EXERCISE:
Please give back each line below unchanged; none of the pictures should appear.

DATA BLOCK:
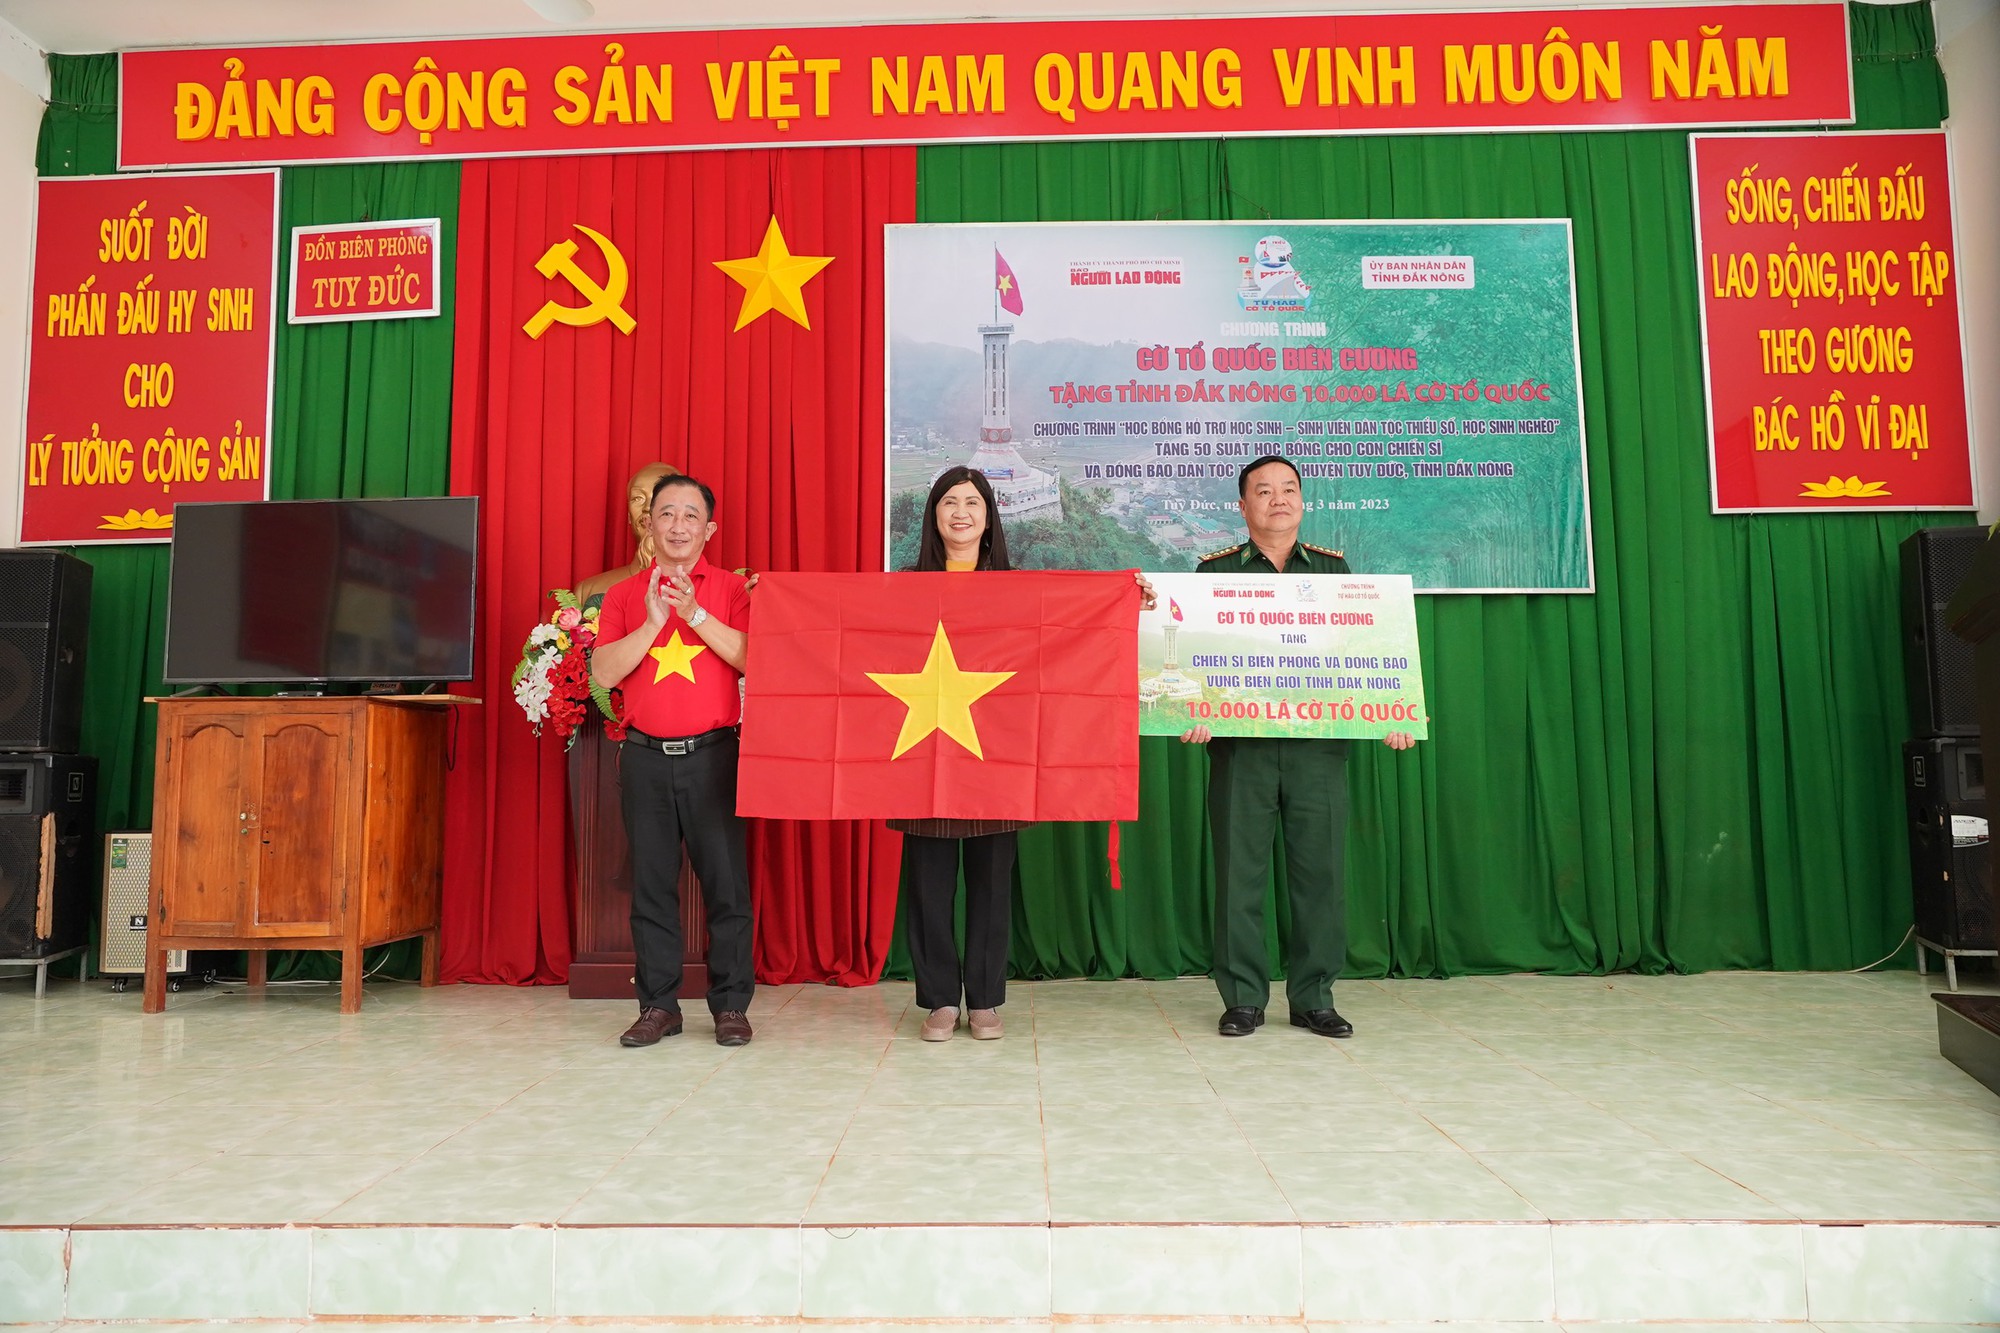 Trao tặng 10.000 lá cờ Tổ quốc cho vùng biên giới ở tỉnh Đắk Nông - Ảnh 1.
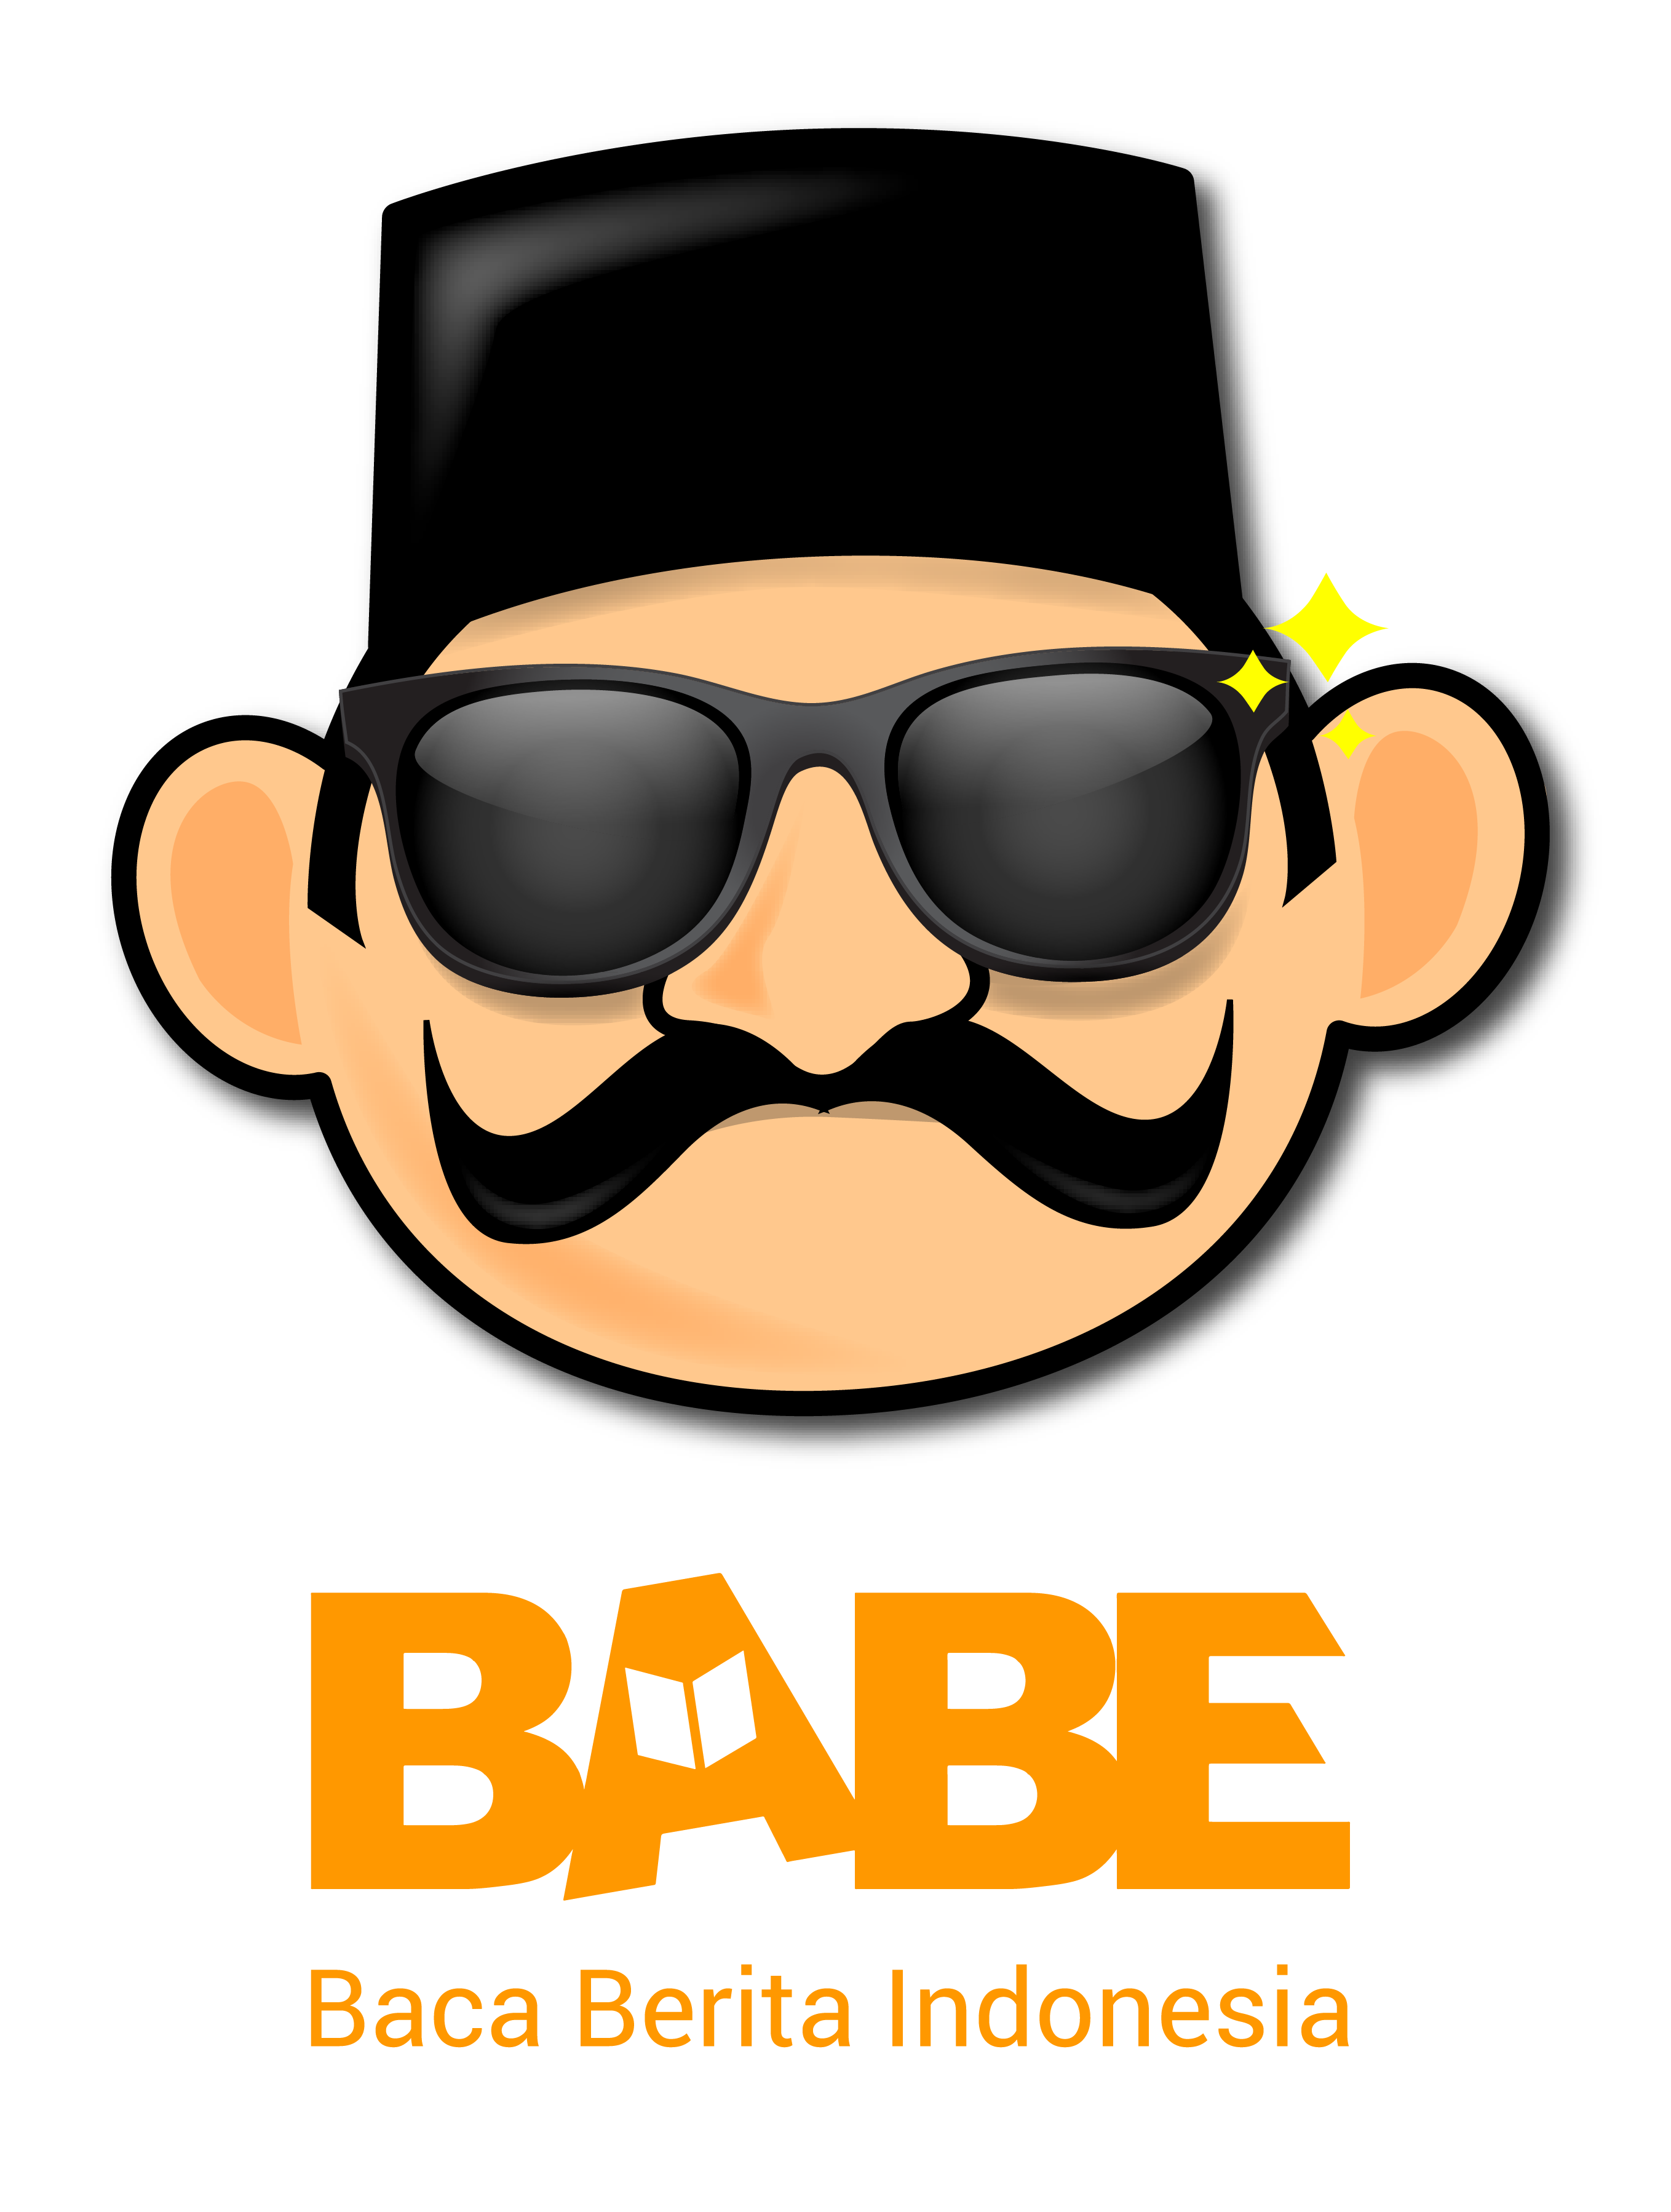 Babe logo png 8 » PNG Image.
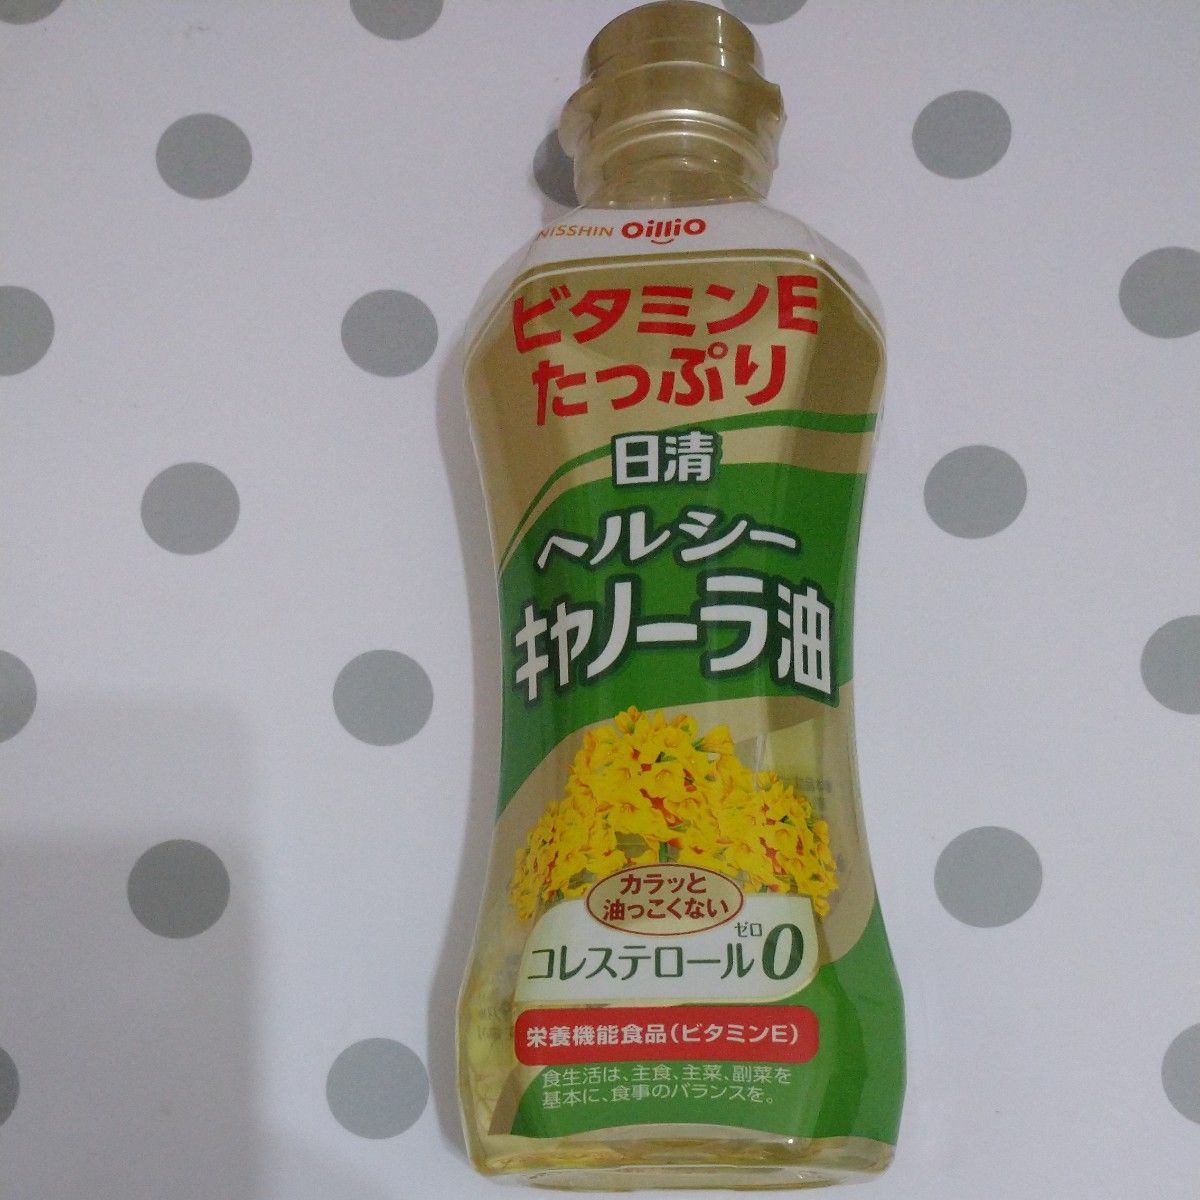 日清オイリオ【 食用油3本セット】 キャノーラ油 ベジオイル

SOLUTION BELOW:
 Trao tặng 10.000 lá cờ Tổ quốc cho vùng biên giới ở tỉnh Đắk Nông - Ảnh 1.
 Babe logo png 8 » PNG Image.
 日清オイリオ【 食用油3本セット】 キャノーラ油 ベジオイル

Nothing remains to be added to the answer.